The weed has become a flower, although a short-lived and scruffy one.
It's hot at 6:30 in the morning as I'm watering the few new plants I installed in February.
My upgraded irrigation system is doing its part to keep things thriving, but I'm regretting stopping the project before I'd finished finding the line. The ground is baked caked solid; the only softness is from the hollowing out of burrows by ground squirrels and others who use my front yard as a rooftop parking garage and observation post. The small trowel is no longer up to the task, and using anything larger runs the risk of breaking the line while employing my massive strength to break through. Precision work is hard to achieve while using a pickaxe.
We have had cloudless windy days just shy of triple digits this week. Yesterday, the sun felt a lot stronger and the breeze was stirring up the pollen drooling off the palo verdes and the world's fattest bee was gorging on the blossoms before joining us in the pool for a post-prandial cocktail. We were happy to share our bounty. I've never owned this much water before; it seems selfish to keep to to myself.
I'm prepared to water my container plants every morning without fail. But every year I miss the onset of the 6 week period when I must water them twice a day.

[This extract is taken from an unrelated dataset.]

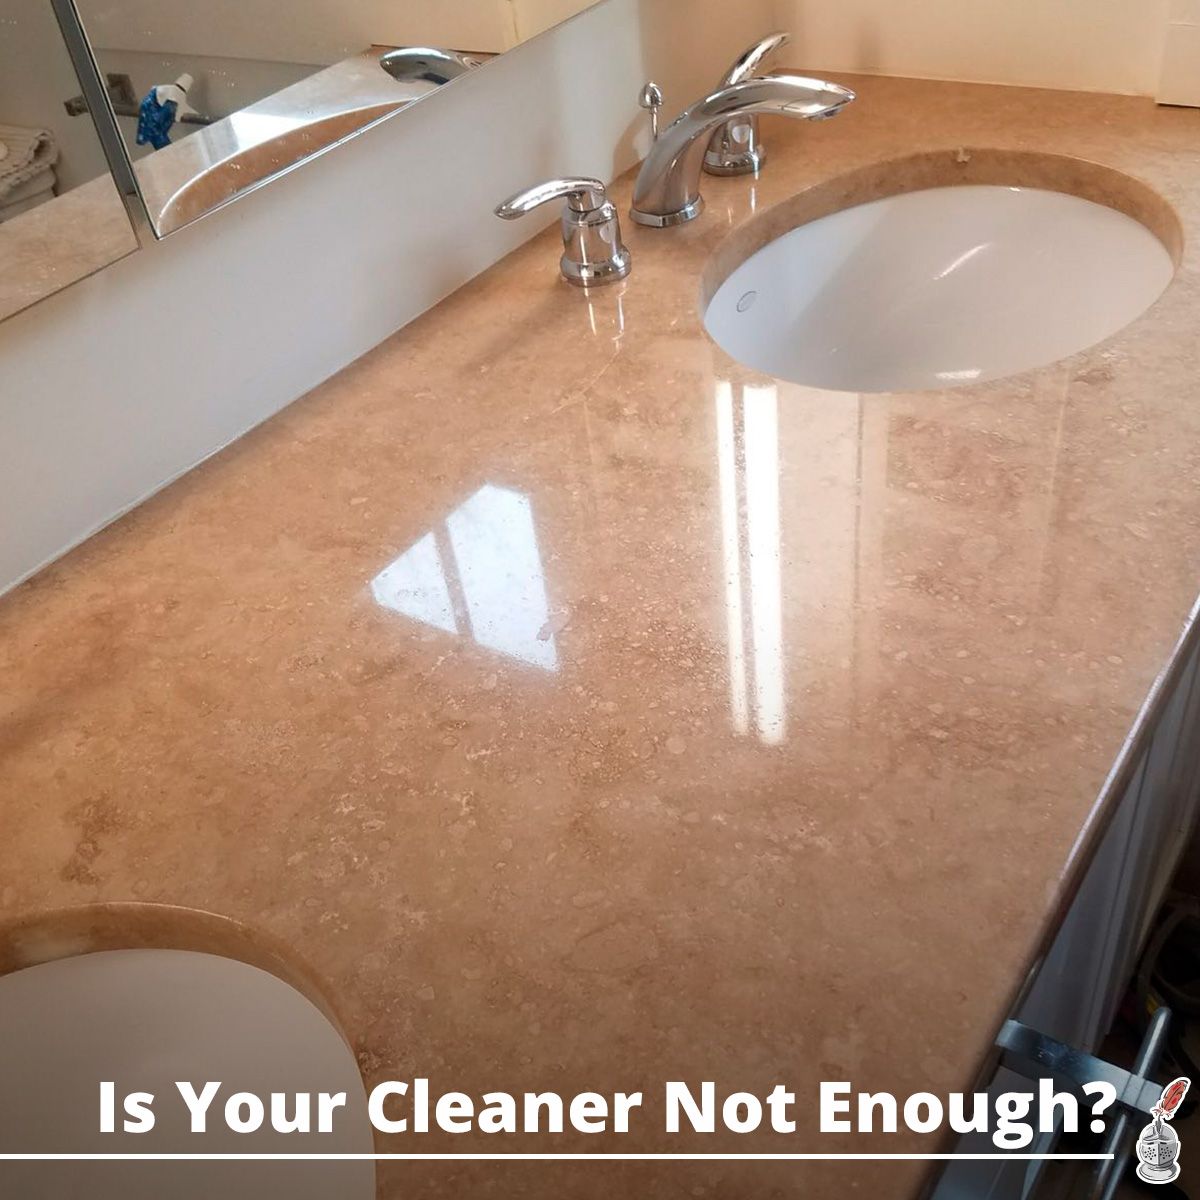 Is Your Cleaner Not Enough?

I know I've missed it when I wake up and see this
Then there's the pretty little hibiscus with the curvy shiny green leaves. Or at least it used to be pretty and the foliage used to exist. This morning, it looked like this;
My prickly pear transplant seems to be doing just fine, and the emu bush hasn't keeled over and then there is my amazing tomato plant:
It's time, I think to plant the summer hardy plants and admit to myself that I do, in fact, live in the desert where the growing things must survive in the triple digits under cloudless skies and atop reflective sandy surfaces. It takes a special kind of something to succeed under those conditions and I'm learning that it's better to accept what works and smile.